Supporters say authorities framed Mantilla by placing envelopes of money in the apartment. From prison, Mantilla won election as a substitute legislator in a vote last year when the opposition took control of Venezuela's National Assembly.Maduro, the 53-year-old successor to Hugo Chavez whose popularity has dived during an unprecedented economic crisis, accuses Venezuela's opposition of seeking a coup against him and denies the existence of political prisoners.Government supporters often recall a short-lived coup in 2002 against Chavez, and display arms, explosive materials, cash and private messages as evidence of the crimes and militant intentions of the radical wing in Venezuela's opposition.

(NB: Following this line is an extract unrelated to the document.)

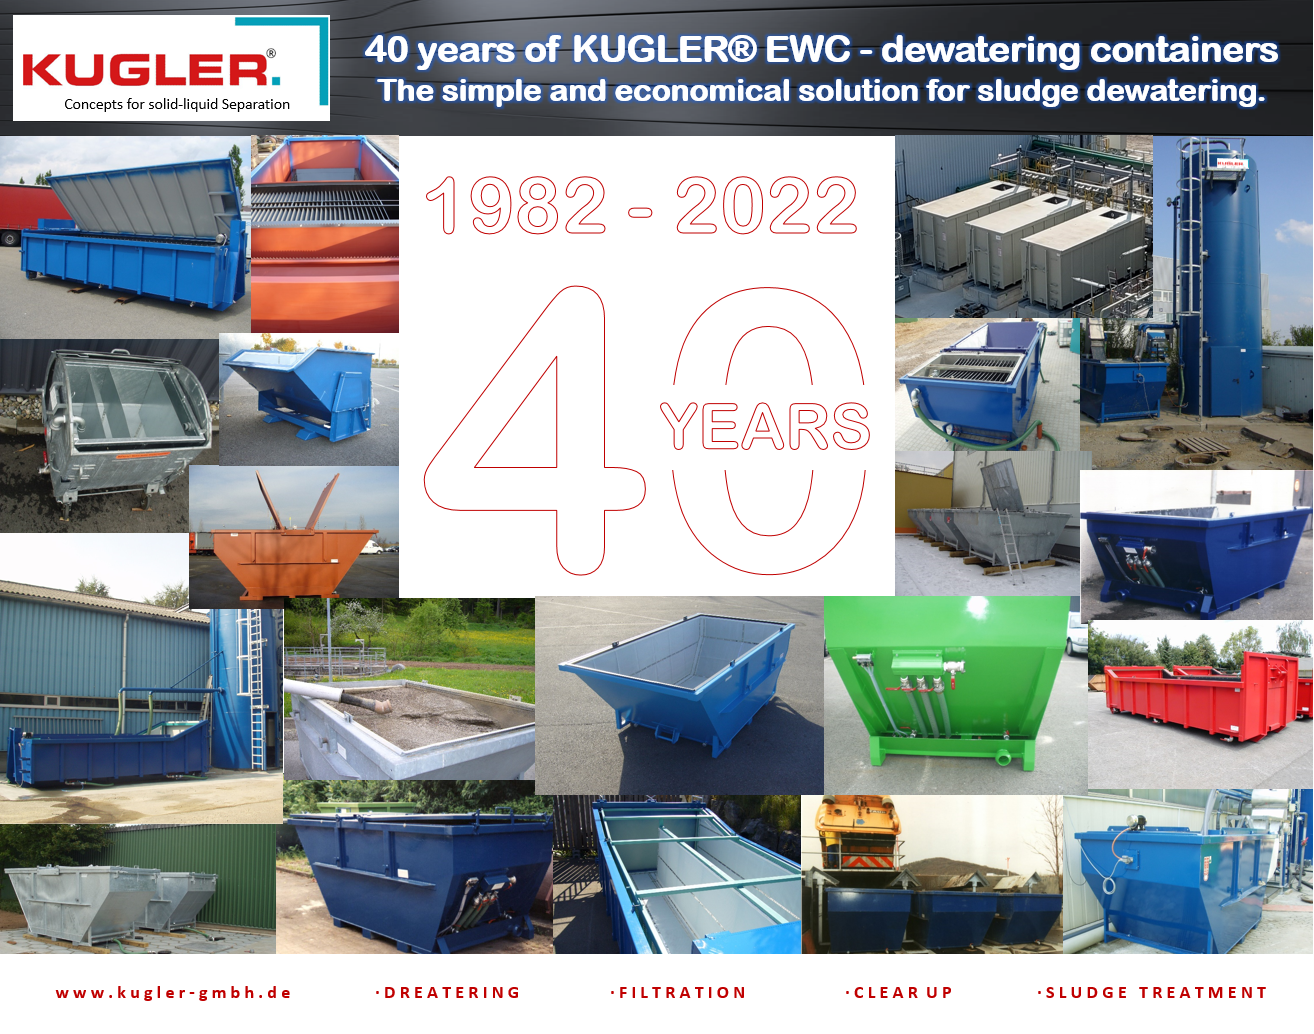 40 YEARS OF KUGLER® EWC - Dewatering Containers

Amnesty International welcomed Mantilla's release, saying he was victimized for human rights work."He should have never been made to spend a second behind bars. The Venezuelan authorities must now build on this positive step and release all imprisoned activists and political leaders whose only 'crime' was to disagree with the government," said its Americas director Erika Guevara-Rosas.
That was echoed by opposition leaders, who call Maduro a dictator. "We must keep demanding the release of the other political prisoners, the return of our exiles and an end to persecution," a Popular Will leader, David Smolansky, said. Local rights group Penal Forum says that after Mantilla's release, Venezuela is still holding 108 political prisoners, and using them as chips in the Vatican-mediated negotiations. The opposition coalition puts the number higher at 135.Three activists were released in an early gesture soon after talks began last month. (Additonal reporting by Diego Ore; Editing by Phil Berlowitz)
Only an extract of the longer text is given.